As I actually have to go to work in 10 minutes I will just put up the pics of the wip Lord I have going on. This is about an hours worth of work, very basic, and I have no idea yet where I will end up as this is the first model to get paint and will become the basis for the entire army.



















Those of you who know my painting style will know that I am very fond of metallic paints and that I tend to use a fair bit of them even on models that don't always call for it. Because of this, I think that Necrons are going to be a very good match with my painting style as the entire army is metal. I do intend to break it up a bit with matte colours as well but the 90% look is something I dig.


----------



## Khorne's Fist (Jul 18, 2008)

Will be following this with interest. Considering that's only an hours work, this should turn into another masterclass in painting metallics.


----------



## NightlySyns (Oct 25, 2010)

Subscribed. I love your Thousand Sons. I'm sure the Crons will be amazing.


----------



## Midge913 (Oct 21, 2010)

Very cool! Glad to see you back in the painting threads mate and I look forward to some metallic Necron goodness. 
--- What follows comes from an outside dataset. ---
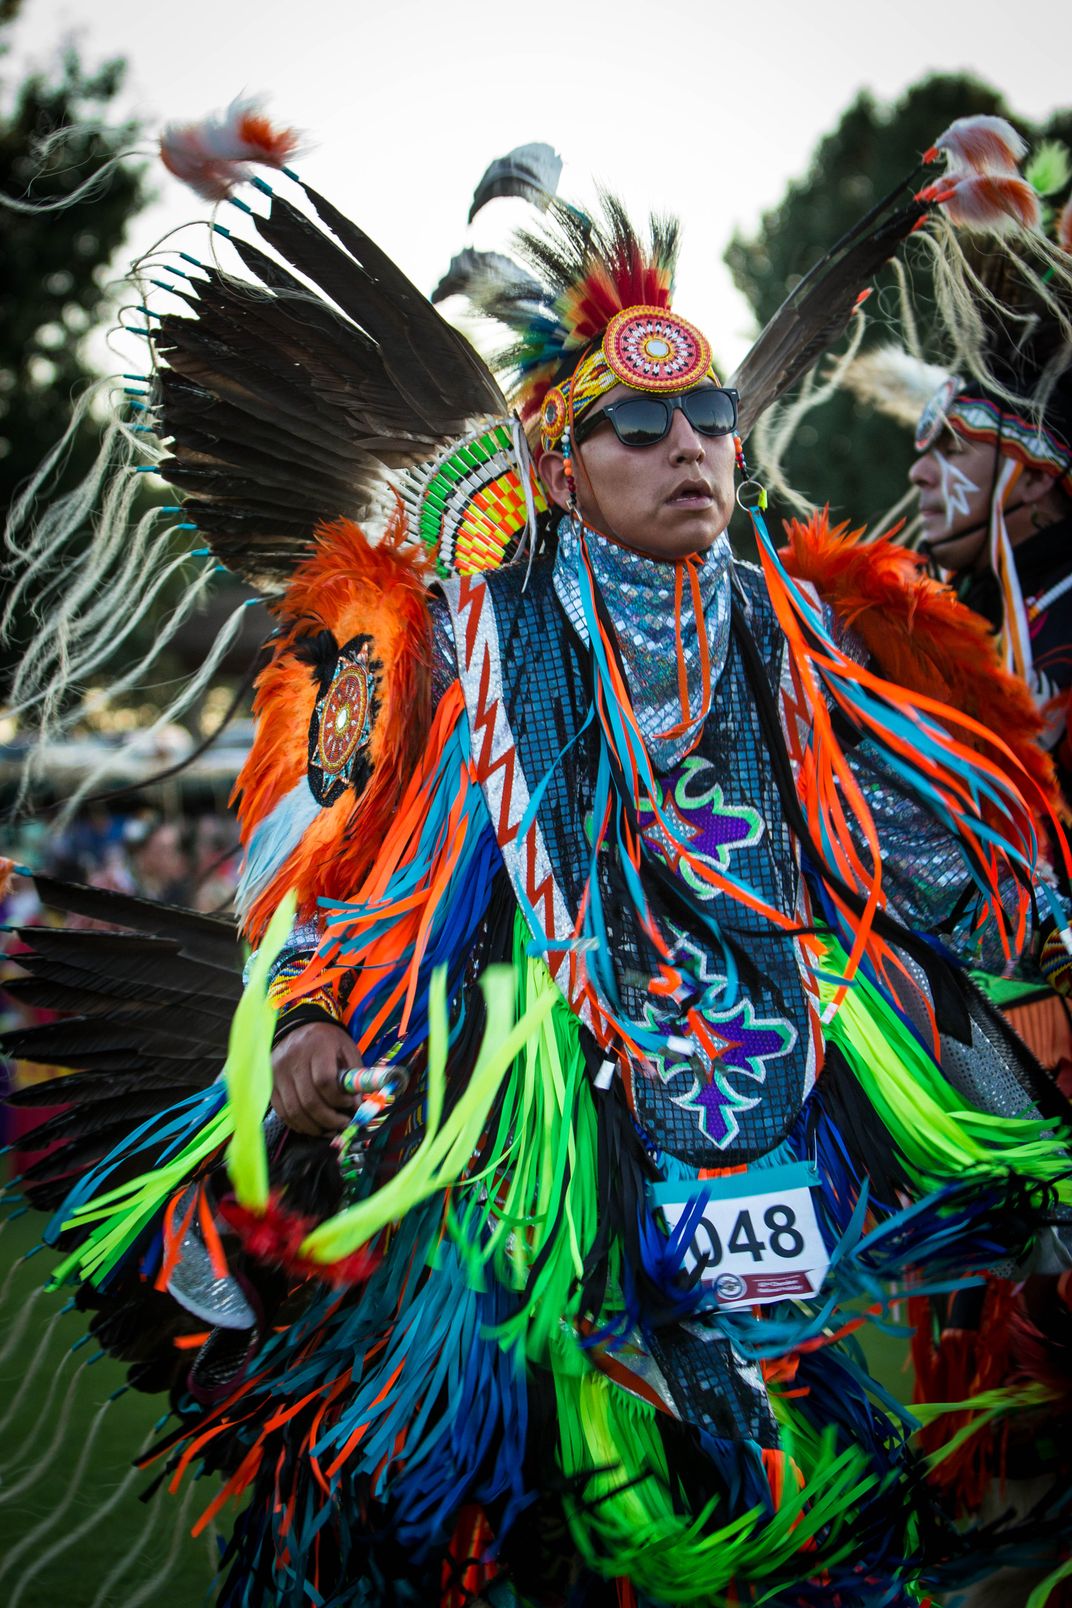 a Native dancer in colorful outfit and head dress

To the model above, I really like the purple hue on that guys cloack tails. Is it levithan over silver?


----------



## The Wraithlord (Jan 1, 2007)

Yes it is but the difference in this army to others is that I am now using Privateer Press paints as I find them to be a bit better overall compared to GW. So that is a base of quick silver with a very small edge highlight of radiant platinum and a couple quick thin washes of leviathan.


Thanks for the interest guys, I will do my best to keep this updated a bit more regularly than I did with my other plogs.


----------



## Tossidin (Dec 10, 2008)

This is going to be interesting. Your logs have always been a favourite of mine so I will be following this one too I guess


----------



## Midge913 (Oct 21, 2010)

The Wraithlord said:


> Yes it is but the difference in this army to others is that I am now using Privateer Press paints as I find them to be a bit better overall compared to GW. So that is a base of quick silver with a very small edge highlight of radiant platinum and a couple quick thin washes of leviathan.
> 
> 
> Thanks for the interest guys, I will do my best to keep this updated a bit more regularly than I did with my other plogs.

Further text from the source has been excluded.